- About this task -
Omitting all images, set down every line below exactly as it appears.

- Data provided -
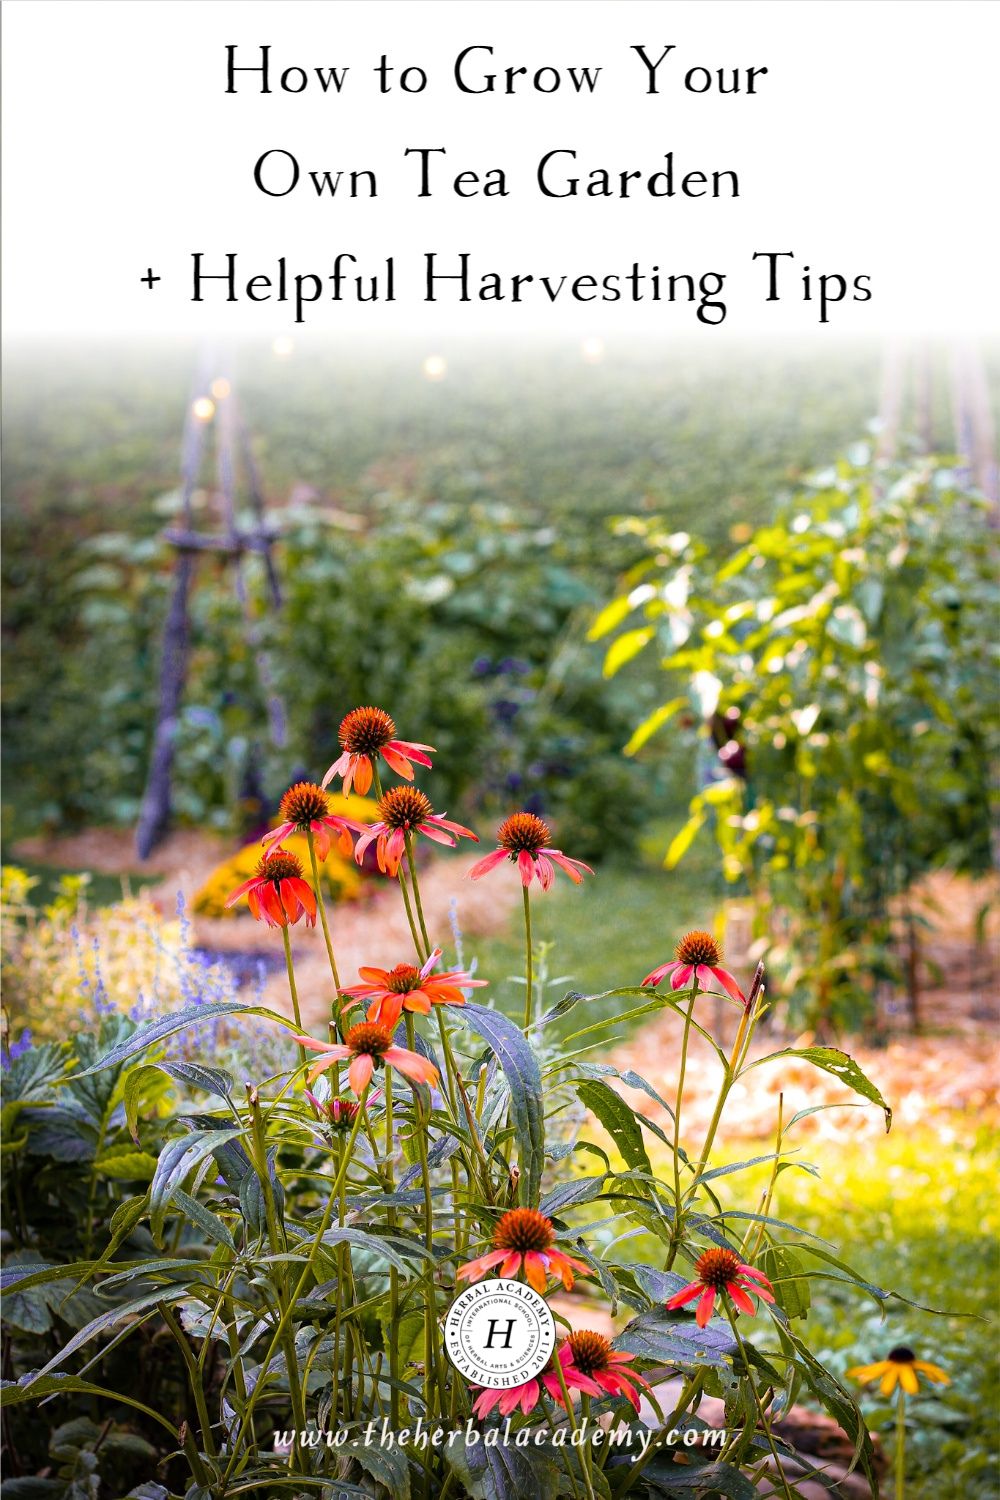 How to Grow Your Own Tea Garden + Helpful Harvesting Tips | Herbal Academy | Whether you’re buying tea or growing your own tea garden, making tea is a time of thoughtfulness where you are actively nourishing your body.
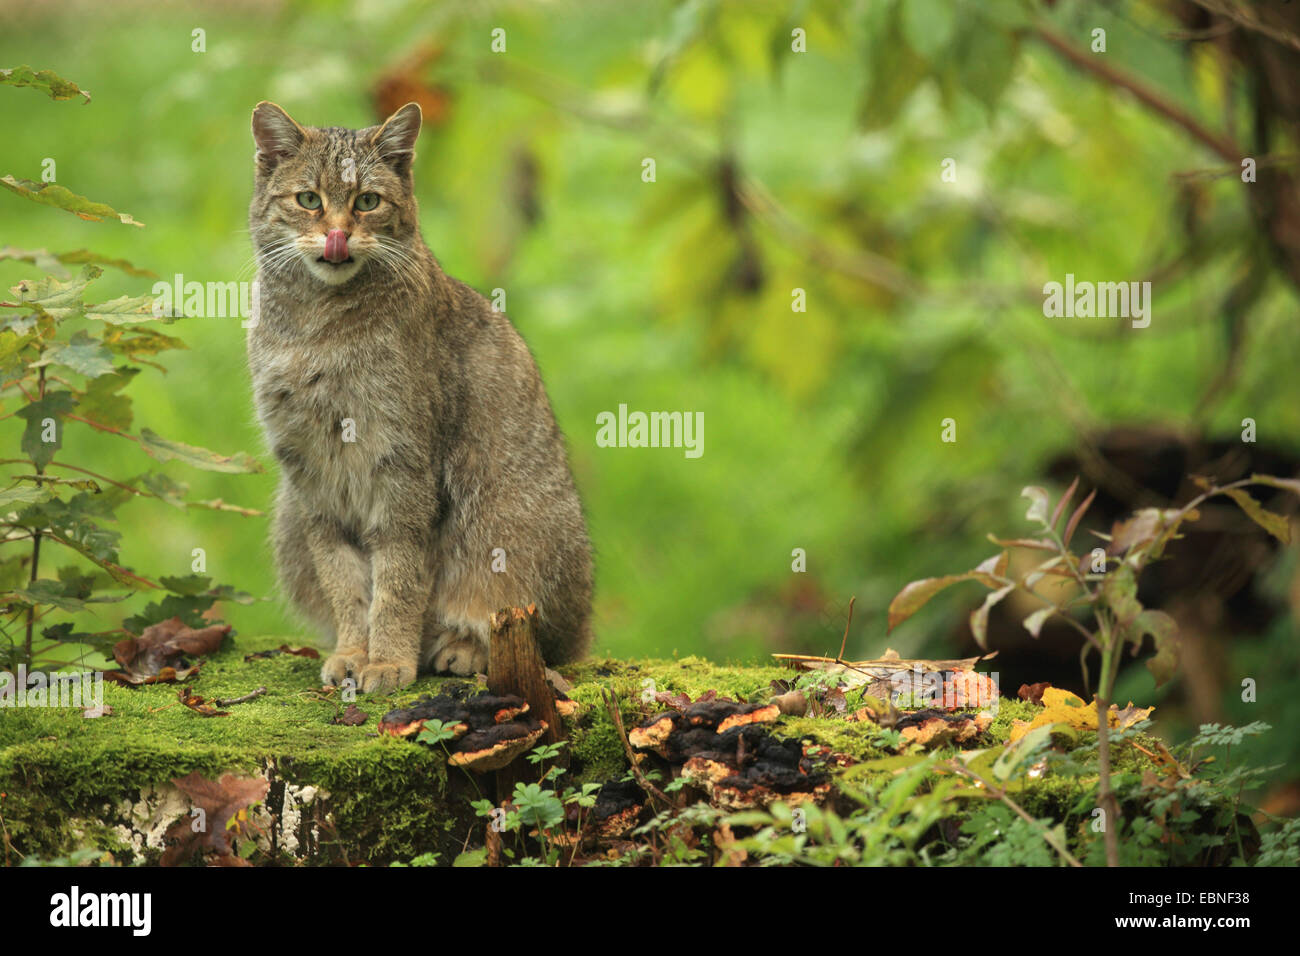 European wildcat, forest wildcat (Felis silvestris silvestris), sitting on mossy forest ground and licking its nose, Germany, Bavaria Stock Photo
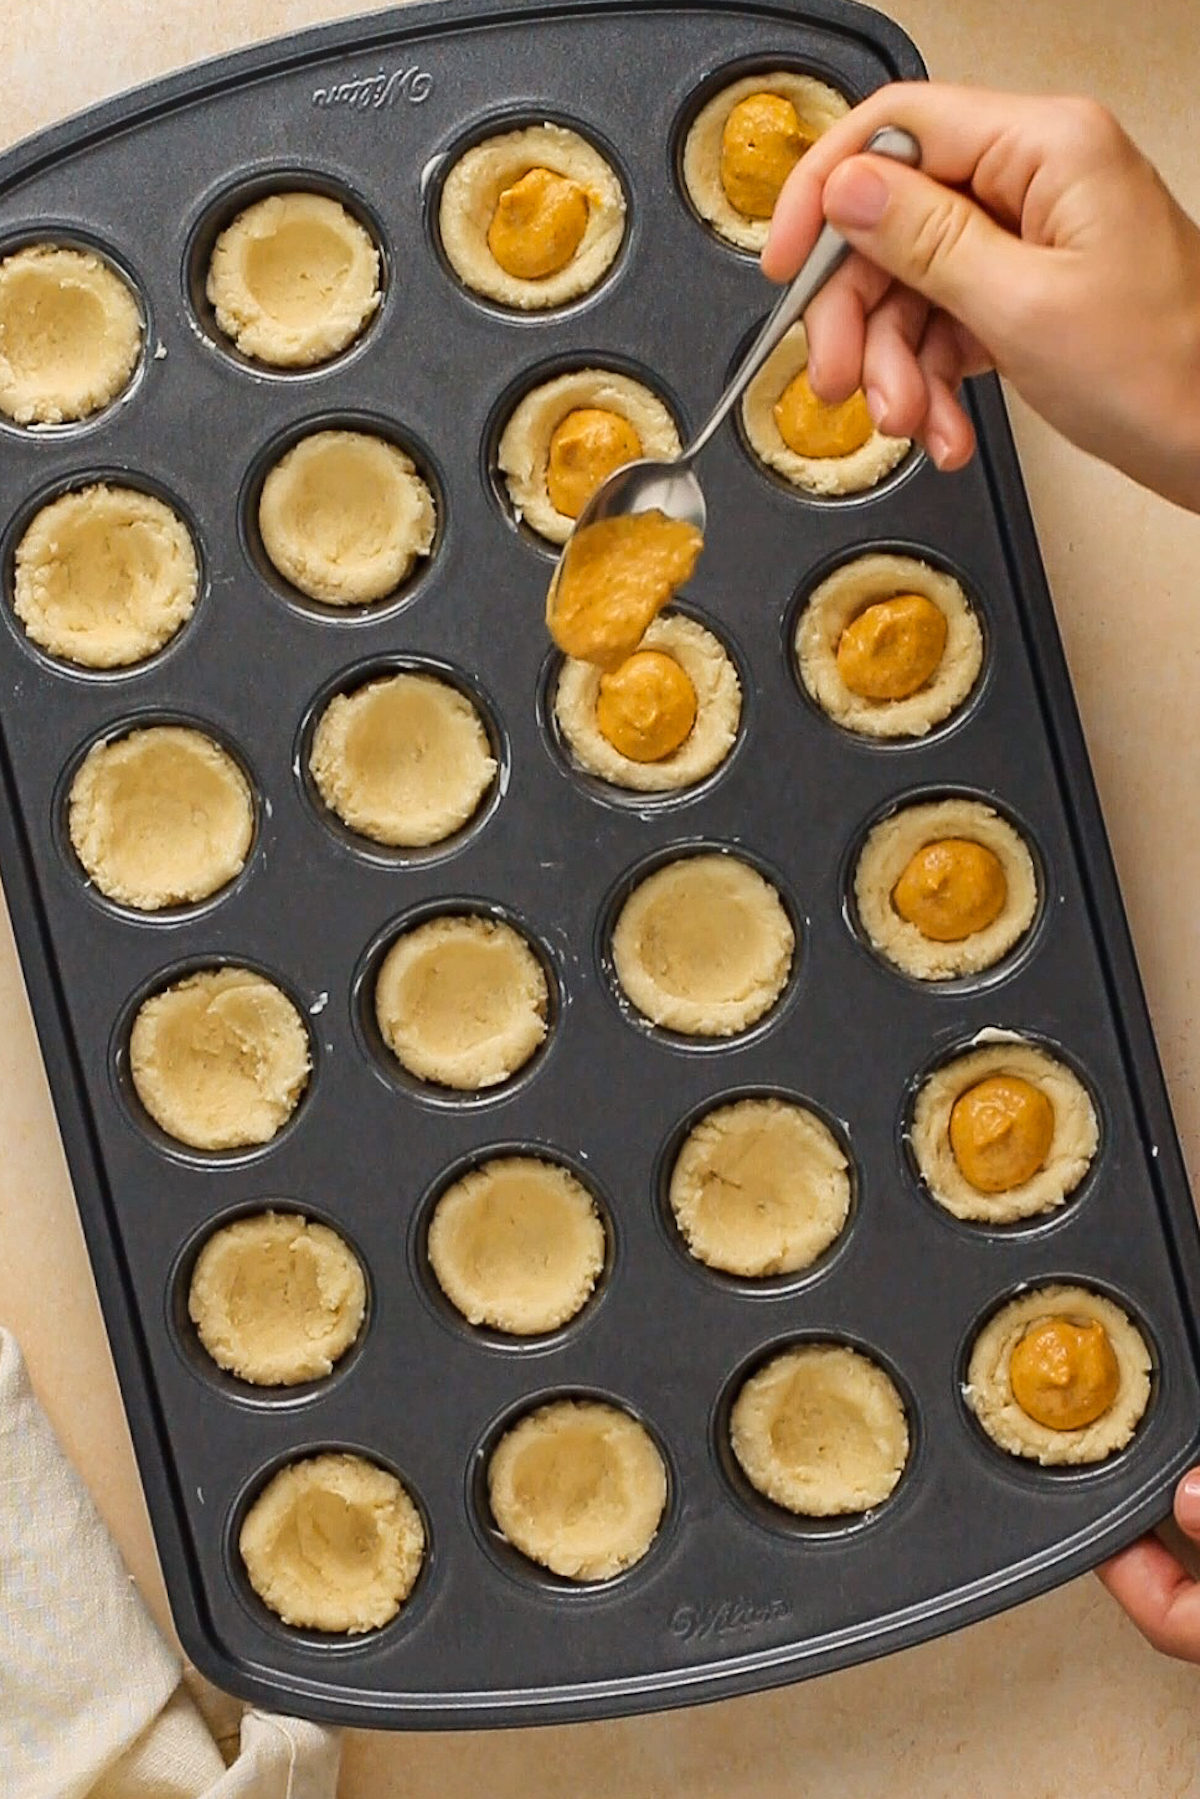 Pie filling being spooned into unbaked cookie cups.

- Answer below -
 How to Grow Your Own Tea Garden + Helpful Harvesting Tips | Herbal Academy | Whether you’re buying tea or growing your own tea garden, making tea is a time of thoughtfulness where you are actively nourishing your body.
 European wildcat, forest wildcat (Felis silvestris silvestris), sitting on mossy forest ground and licking its nose, Germany, Bavaria Stock Photo
 Pie filling being spooned into unbaked cookie cups.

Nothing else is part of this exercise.